Though she gave a careless laugh she wondered what he meant. She felt that his merry little blue eyes were scanning her face with an amiable but disconcerting attention. She had discovered already that he was shrewd and she had a feeling that the relations between herself and Walter excited his cynical curiosity. She found a certain amusement in baffling him. She liked him and she knew that he was kindly disposed towards her. He was not witty nor brilliant, but he had a dry and incisive way of putting things which was diverting, and his funny, boyish face under that bald skull, all screwed up with laughter, made his remarks sometimes extremely droll. He had lived for many years in outposts, often with no man of his own colour to talk to, and his personality had developed in eccentric freedom.
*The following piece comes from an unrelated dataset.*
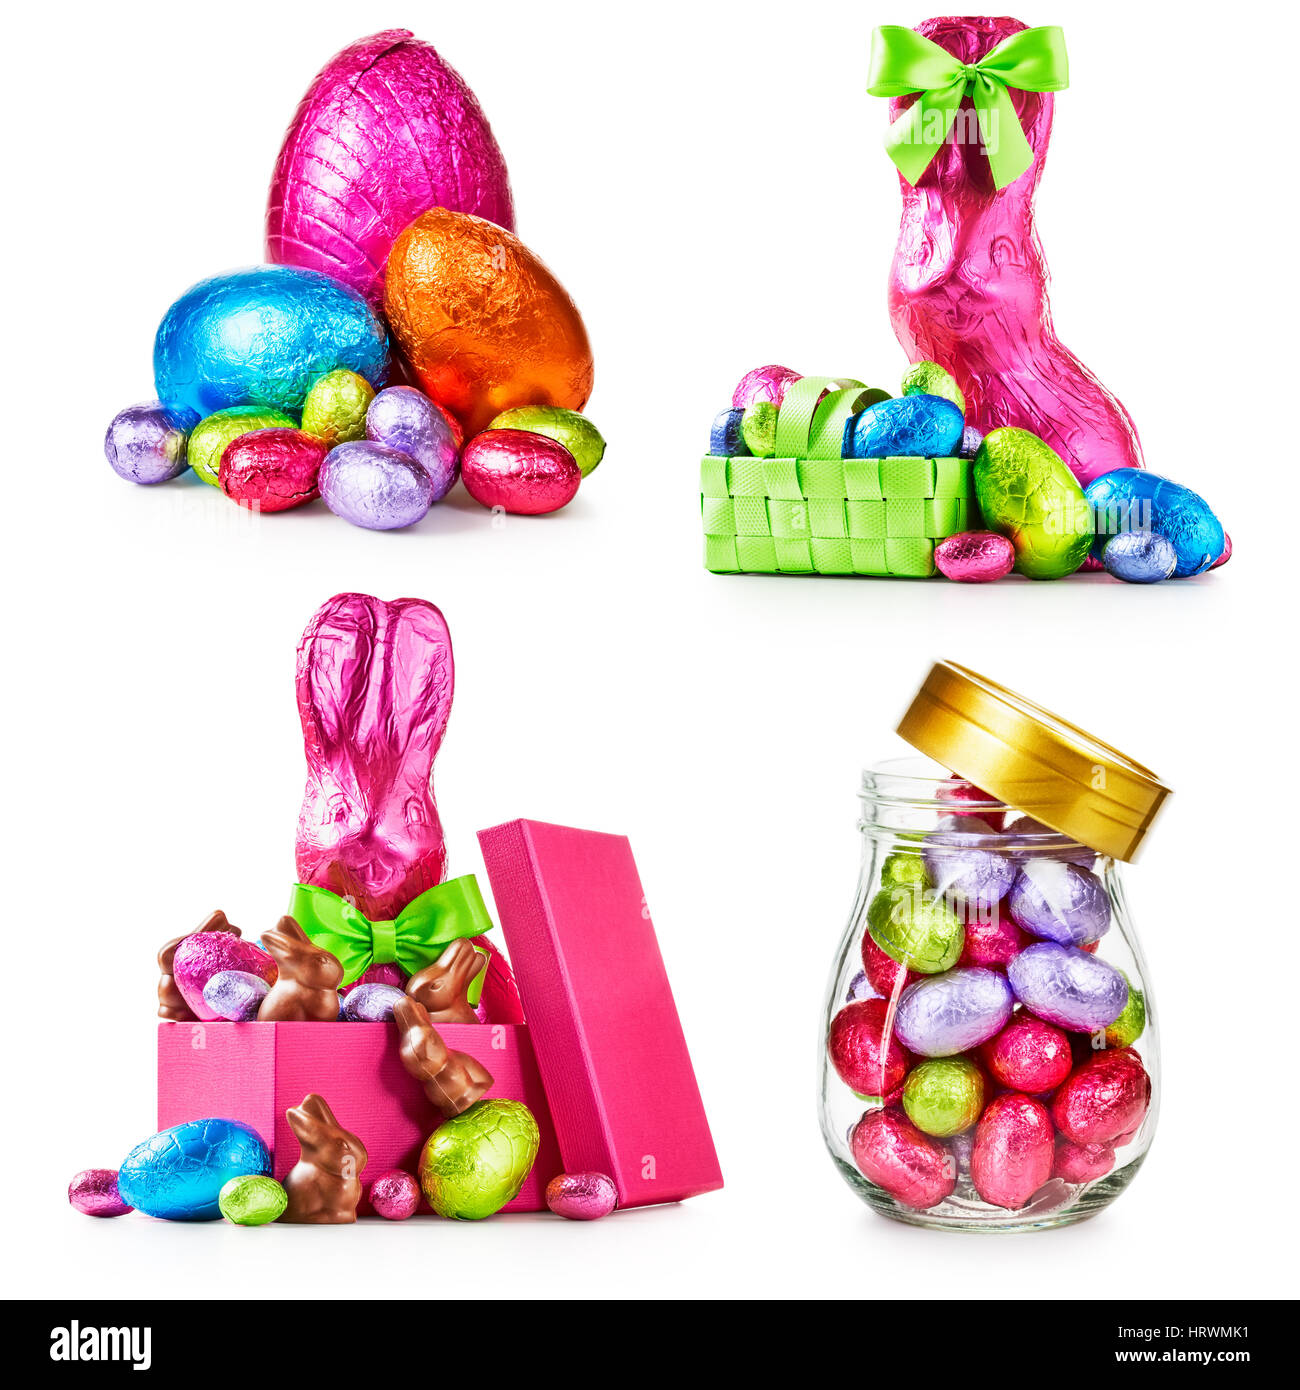 Le uova di Pasqua di cioccolata, coniglio con archetto avvolto in rosa lamina, coniglietti e caramelle colorate raccolta isolati su sfondo bianco Foto Stock

He was full of fads and oddities. His frankness was refreshing. He seemed to look upon life in a spirit of banter, and his ridicule of the Colony at Hong Kong was acid; but he laughed also at the Chinese officials in Mei-Tan-Fu and at the cholera which decimated the city. He could not tell a tragic story or one of heroism without making it faintly absurd. He had many anecdotes of his adventures during twenty years in China, and you concluded from them that the earth was a very grotesque, bizarre, and ludicrous place.